The top defendant in the case, Saeed Mortazavi, did not accept any of his charges and stated that he and the other suspects had not committed any wrongdoing, and that there was not one shred of evidence for their charges. At the third court session, however, Judge Ali Akbar Heydarifar claimed guilt and responsibility for everything, saying he had ordered the transfer of the detainees to Kahrizak Prison in the summer of 2009.

Following the disputed presidential elections of 2009, dozens of protesters arrested by security forces were transferred to Kahrizak, a horrific detention center in southern Tehran. According to accounts provided by many individuals released from Kahrizak, they were exposed to psychological and physical torture and sexual abuse at the facility.

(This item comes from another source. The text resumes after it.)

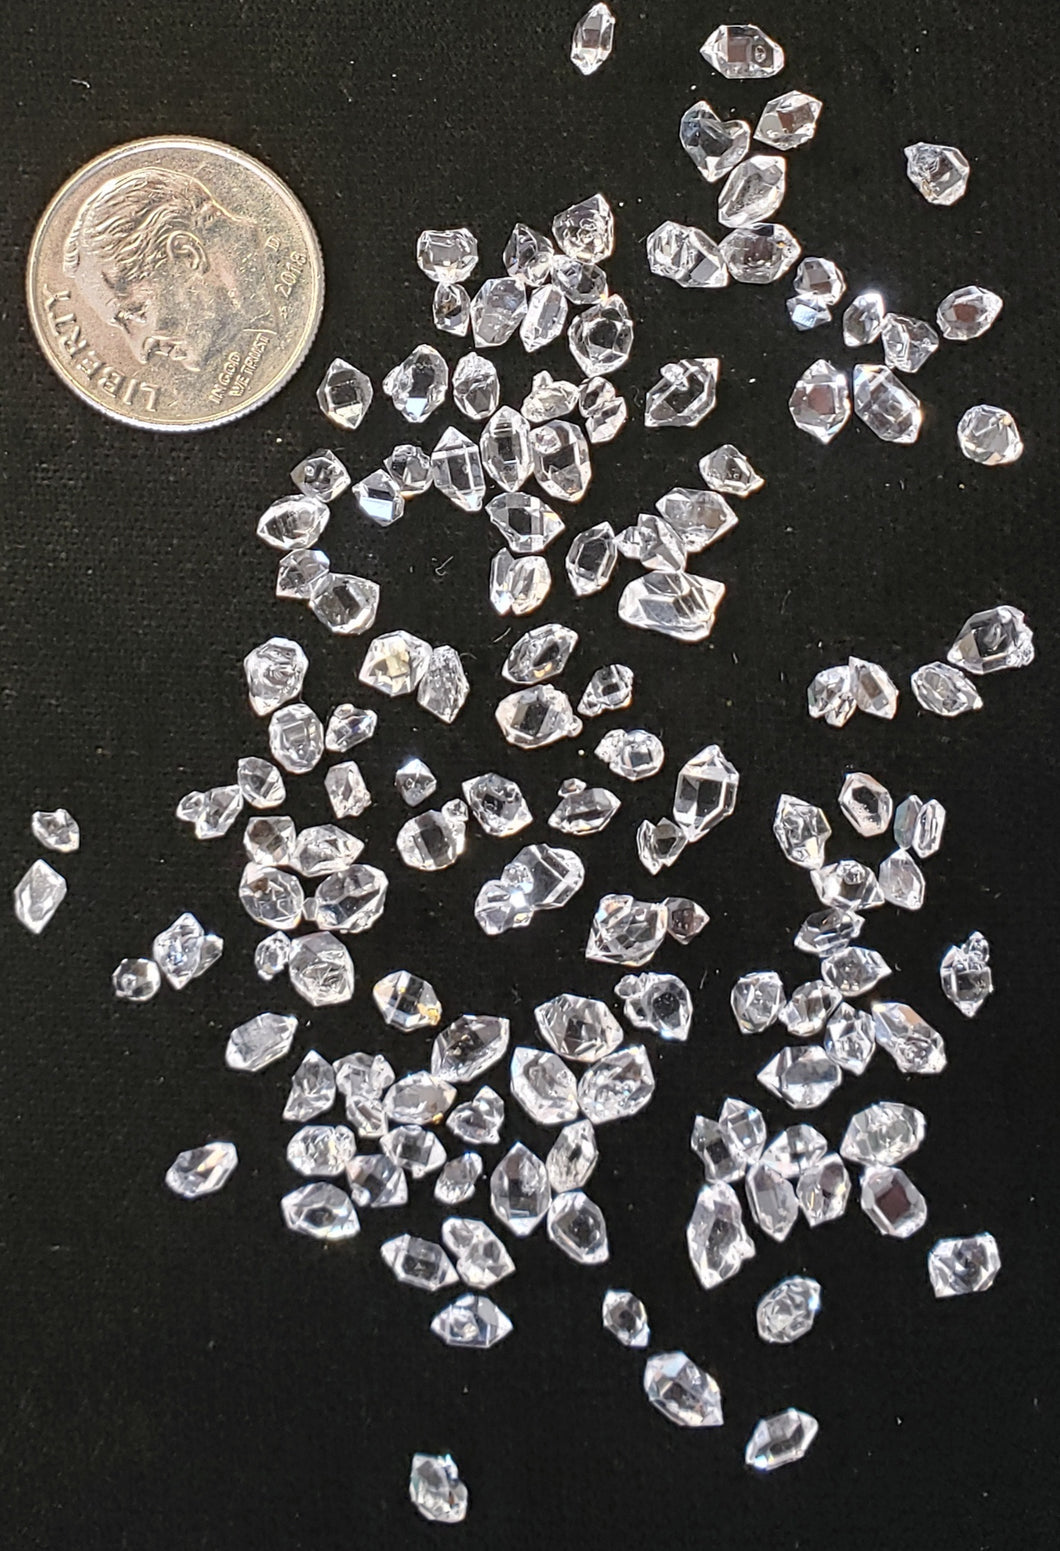 Herkimer Diamond - Very Small

Mehdi Karroubi, a presidential candidate in 2009, asked Members of the Parliament to pursue allegations of rape inside the Kahrizak Detention Center in 2009. After an initial flurry of reports, the subject was dropped and the individuals responsible for finding facts about the situation were imprisoned. The mistreatment and torture of detained protesters inside Kahrizak led to the deaths of at least three young men, Mohammad Kamrani, Mohsen Rooholamini, and Amir Javadifar. The families of the three victims insisted that the “judicial official who issued the orders that led to the set of events” be put on trial, and more than three years after the incident the trial began in early 2013. After the media attention, the Kahrizak Detention Center was closed down in 2010.